The distancing effect, also translated as alienation effect (Verfremdungseffekt or V-Effekt), is a concept in performing arts credited to German playwright Bertolt Brecht.

Brecht first used the term in his essay "Alienation Effects in Chinese Acting" published in 1936, in which he described it as performing "in such a way that the audience was hindered from simply identifying itself with the characters in the play. Acceptance or rejection of their actions and utterances was meant to take place on a conscious plane, instead of, as hitherto, in the audience's subconscious".

These remarks find their precedent in an essay largely devoted to the theory of Brecht's epic theater, "The Author as Producer," written by Walter Benjamin in 1934. This way of formulating the technique would have been familiar to Brecht from his conversations with Benjamin before he met the Russian playwrights Shklovsky or Tretyakov (to whom he later attributed the coinage), insofar as Benjamin wrote the essay with the intention of showing it to Brecht when they roomed together at Brecht's cabin in Denmark during their mutual exile in the summer of 1934. In all likelihood Brecht conceals Benjamin's participation in this process due to concerns about the SS at first, and then later on account of his own concerns about the Stasi.

In this article Benjamin speaks of the central formulas: "Epic theater must not develop actions but represent conditions." The use of montage and musical intermissions between action pierces the illusion of the audience's identity with the action, rather than heightening it.
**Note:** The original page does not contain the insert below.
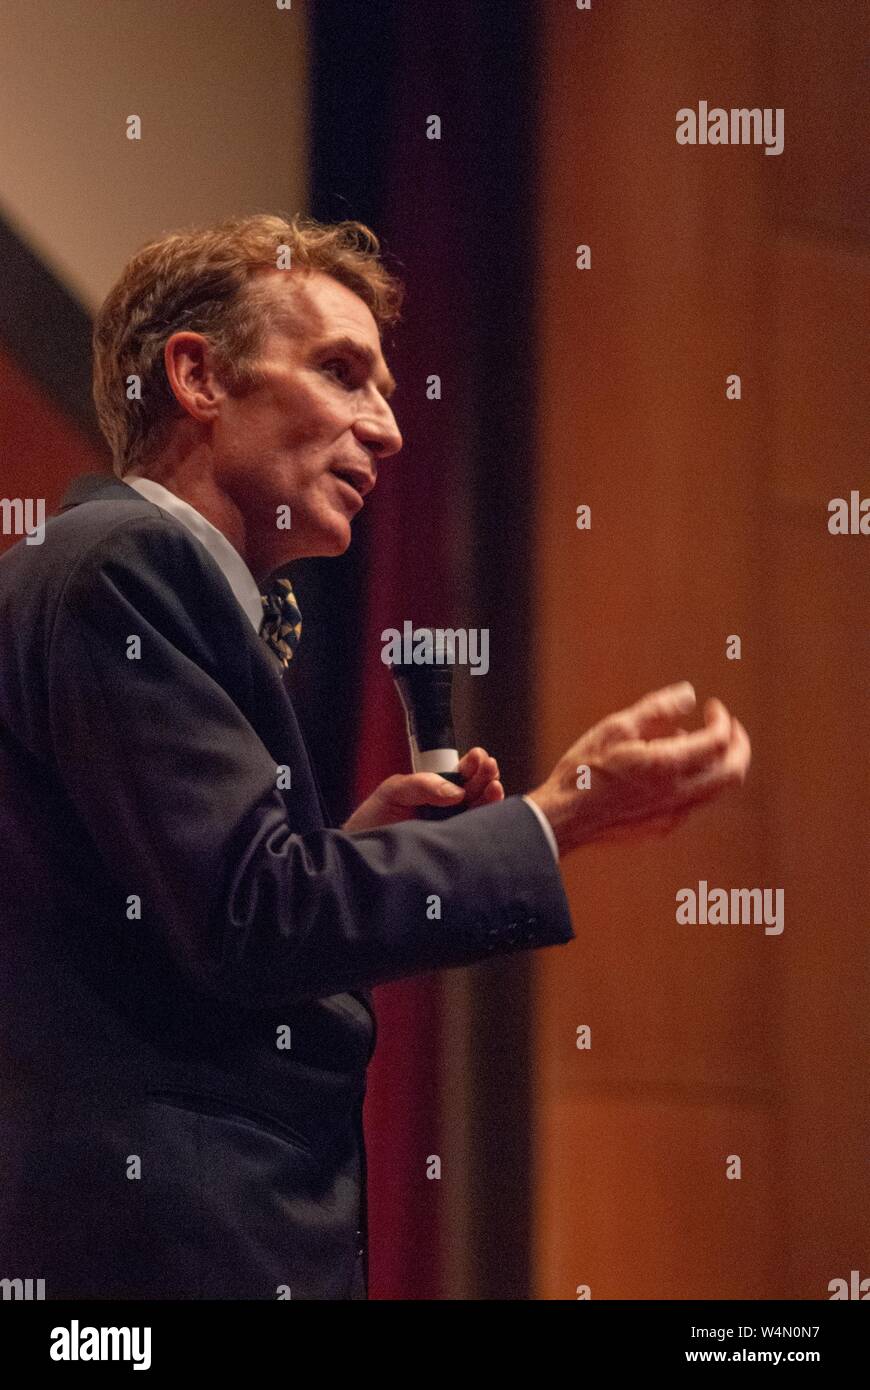 Basso profilo angolo di inquadratura della scienza communicator Bill Nye, parlando durante un Milton S Eisenhower simposio presso la Johns Hopkins University, Baltimora, Maryland, Ottobre 23, 2007. Dall'Homewood raccolta di fotografie. () Foto Stock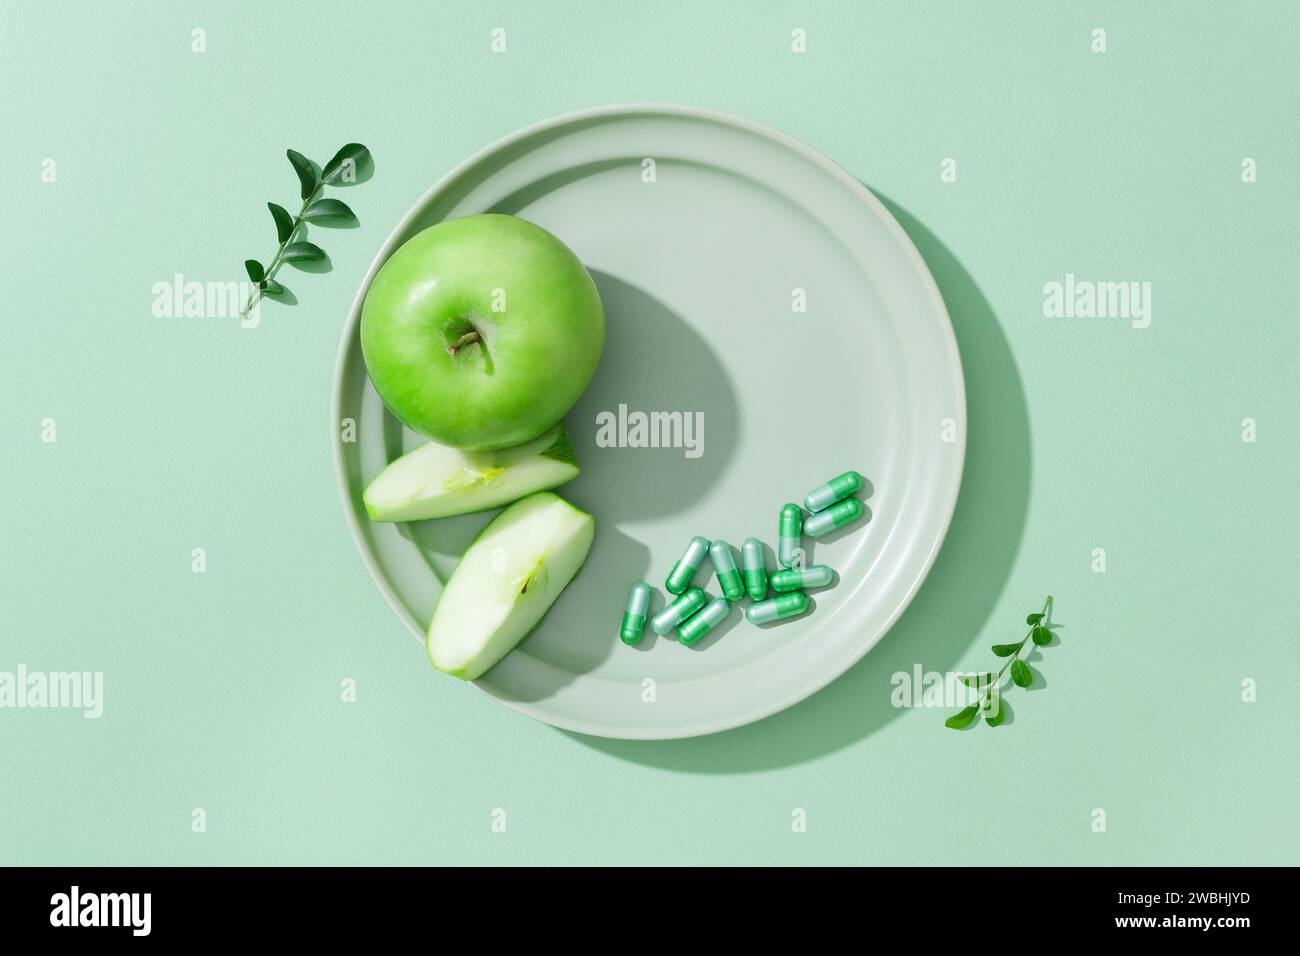 Le fette di mela verde e una manciata di capsule sono esposte su un piatto di ceramica. Spianatura piatta. Spazio libero sul piatto per prodotti cosmetici di bellezza naturale adv Foto Stock

Benjamin compares the montage technique to the way that radio programs are broken up by advertisements. "[Epic theater] sets out not to fill the audience with feelings as to alienate the audience in a lasting manner, through thought, from the conditions in which it lives. [This is accomplished by making the audience laugh]."

Epic theater was conceived of as a politically revolutionary form, but when the technique of distancing, estrangement or alienation is adapted to post-revolutionary television shows and other forms we can see it at work in theatrical forms such as the sitcom (where characters are flattened to heighten the relatability of the situation), satirical news or anti-comedy which adopts degraded formats (bad VHS film stock etc.) to heighten comedic effect as in Tim and Eric's Awesome Show and other works in the same genre that are themselves precursor forms of the non-linear and drama-independent internet meme humor of Gen-Z.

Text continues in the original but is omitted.